DATASET EXTRACT —
- - - -
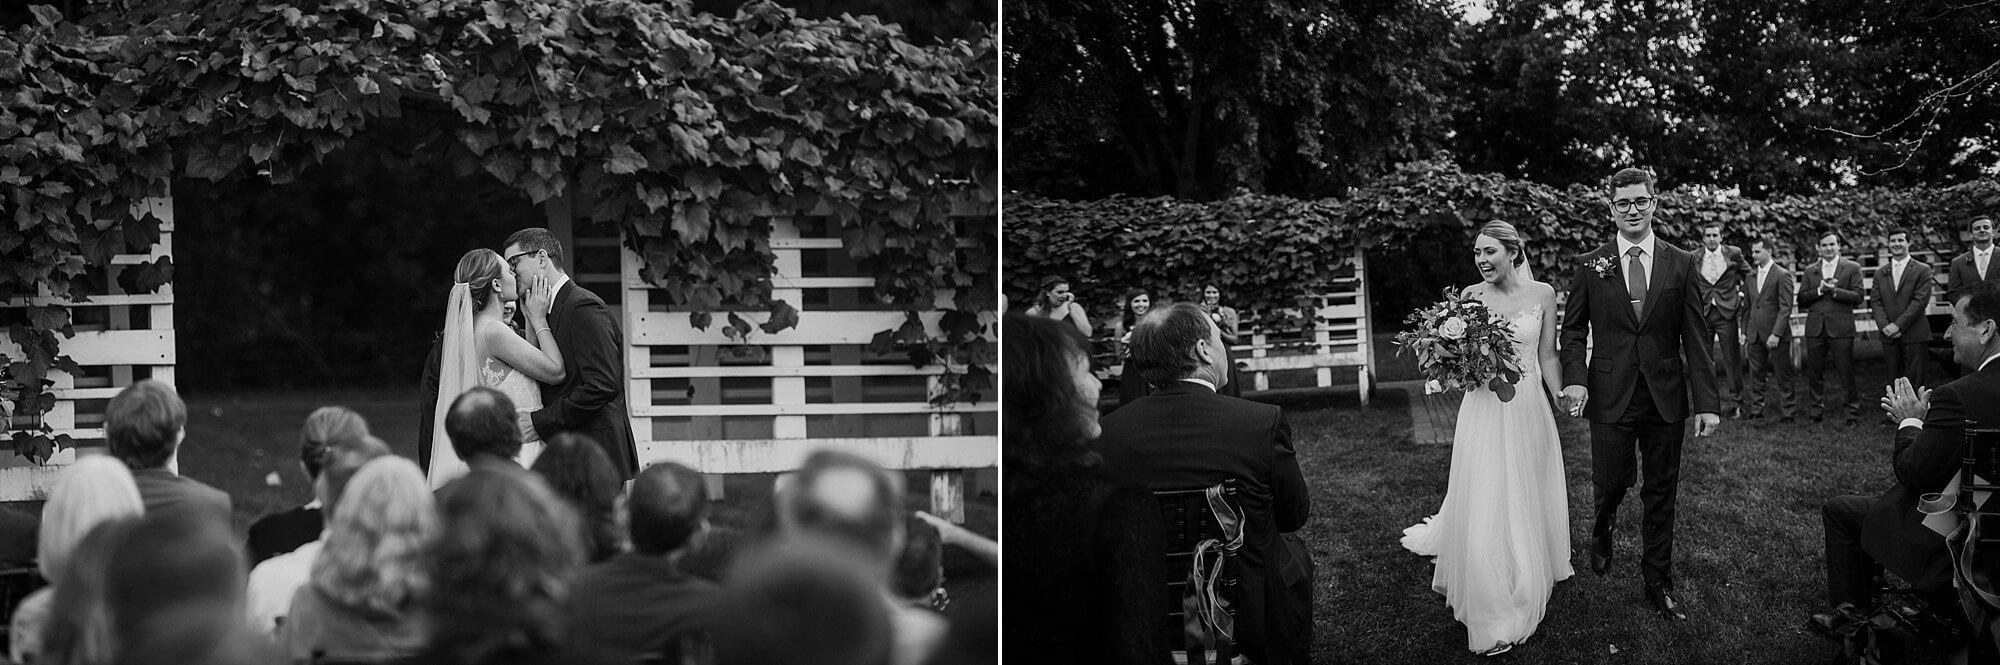 Commanders Mansion Wedding - Ebersole Photo_0020.jpg
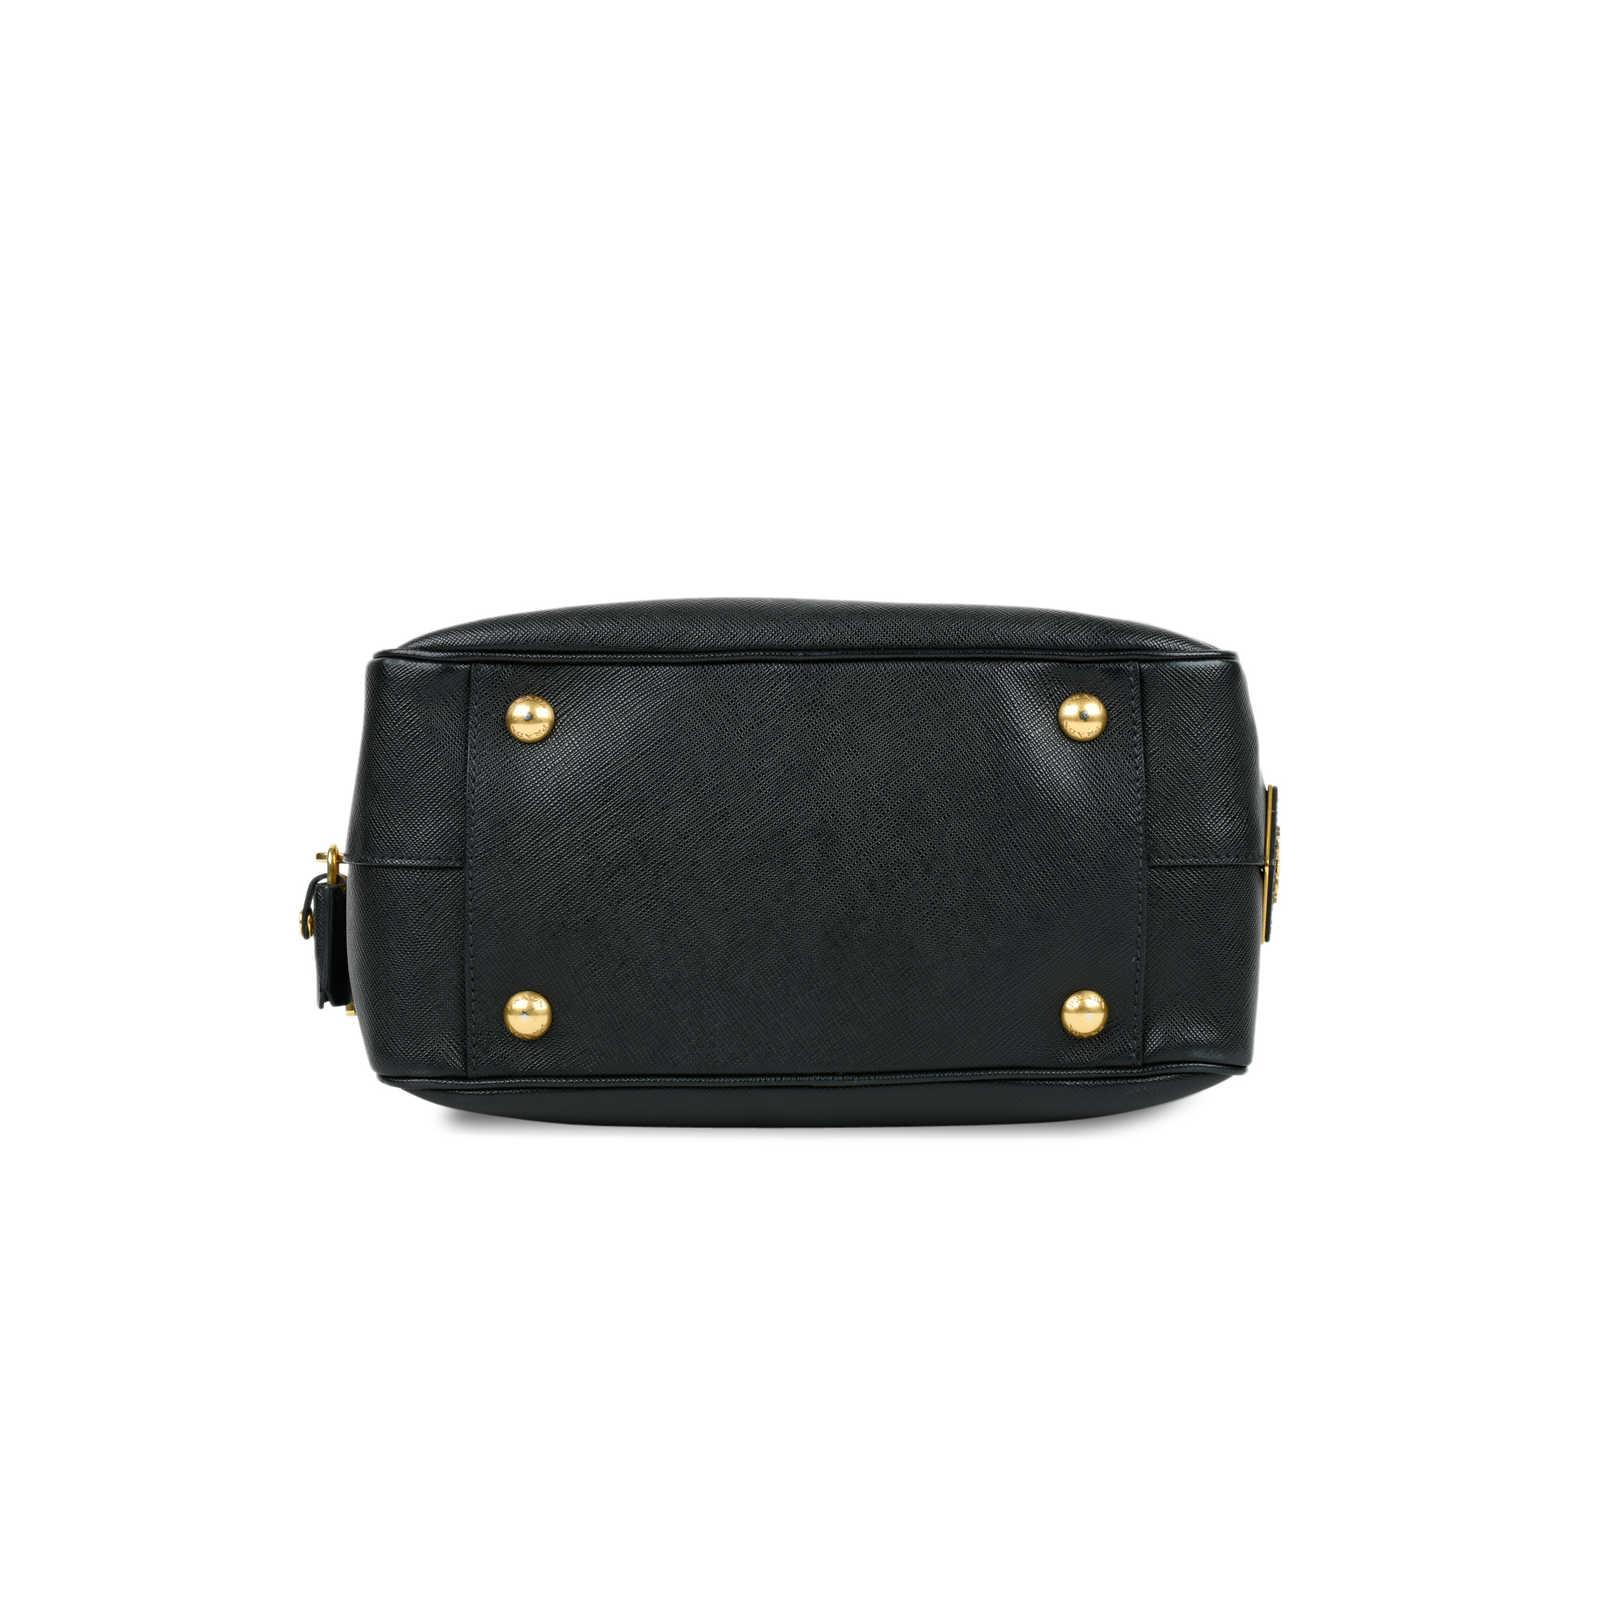 ... Authentic Second Hand Prada Saffiano Box Satchel Bag (PSS-485-00001) ... 33ebc9366b7a3
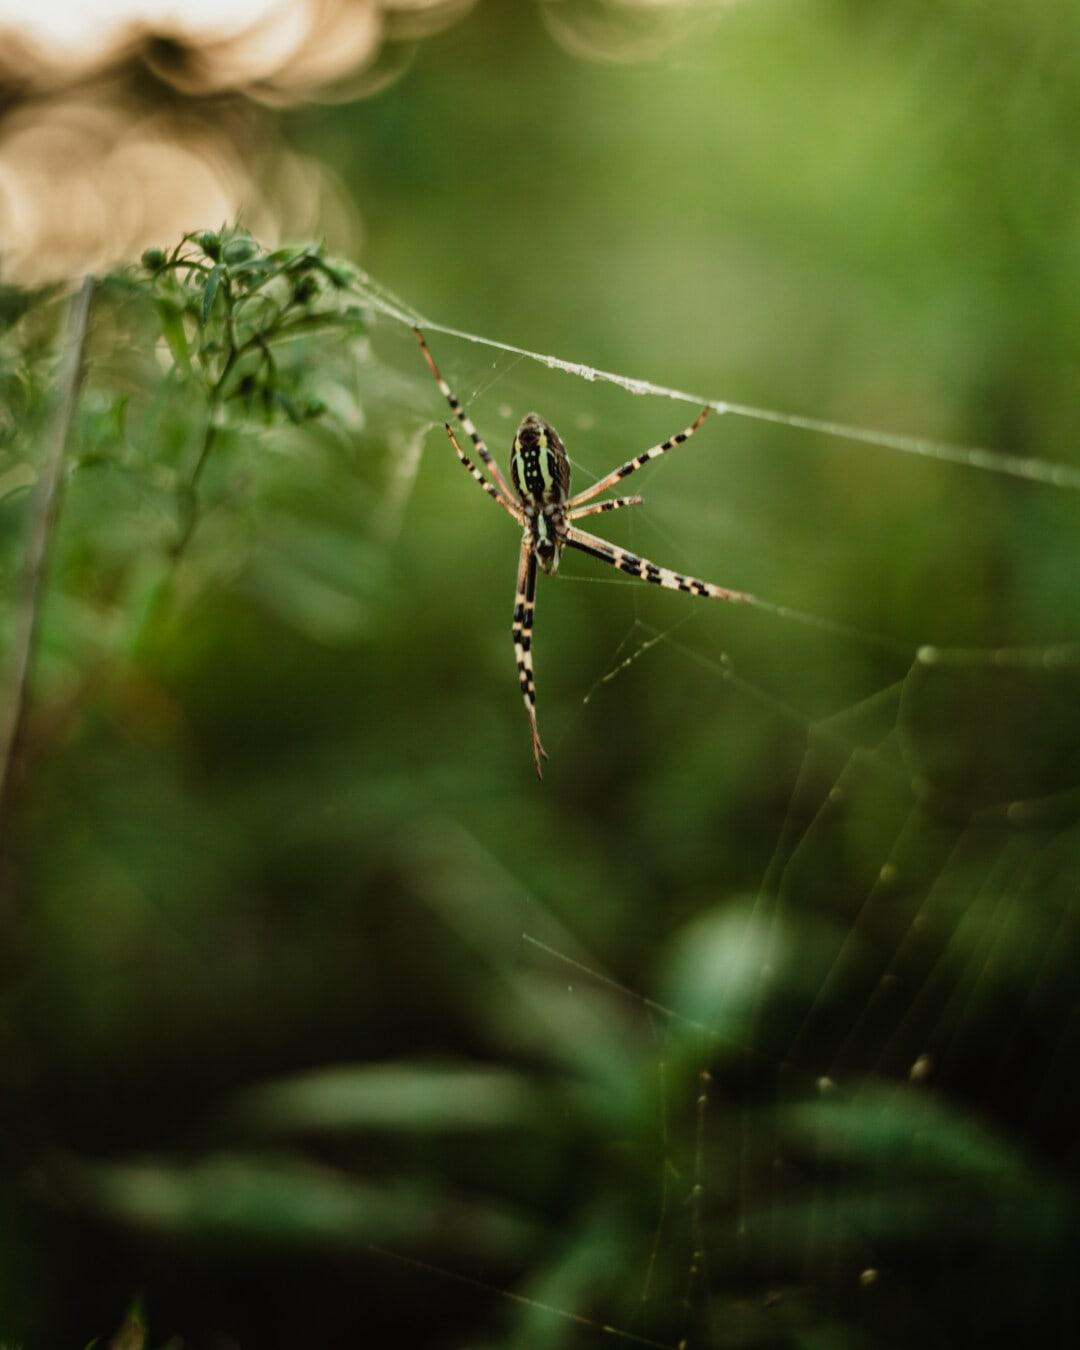 spider, spiderweb, close-up, wilderness, animal, green, insect, animals, blurry, detail
- - - -
TASK TO CARRY OUT —
Send back the data above word for word, with the pictures left out.

EXERCISE OUTPUT —
 Commanders Mansion Wedding - Ebersole Photo_0020.jpg
 ... Authentic Second Hand Prada Saffiano Box Satchel Bag (PSS-485-00001) ... 33ebc9366b7a3
 spider, spiderweb, close-up, wilderness, animal, green, insect, animals, blurry, detail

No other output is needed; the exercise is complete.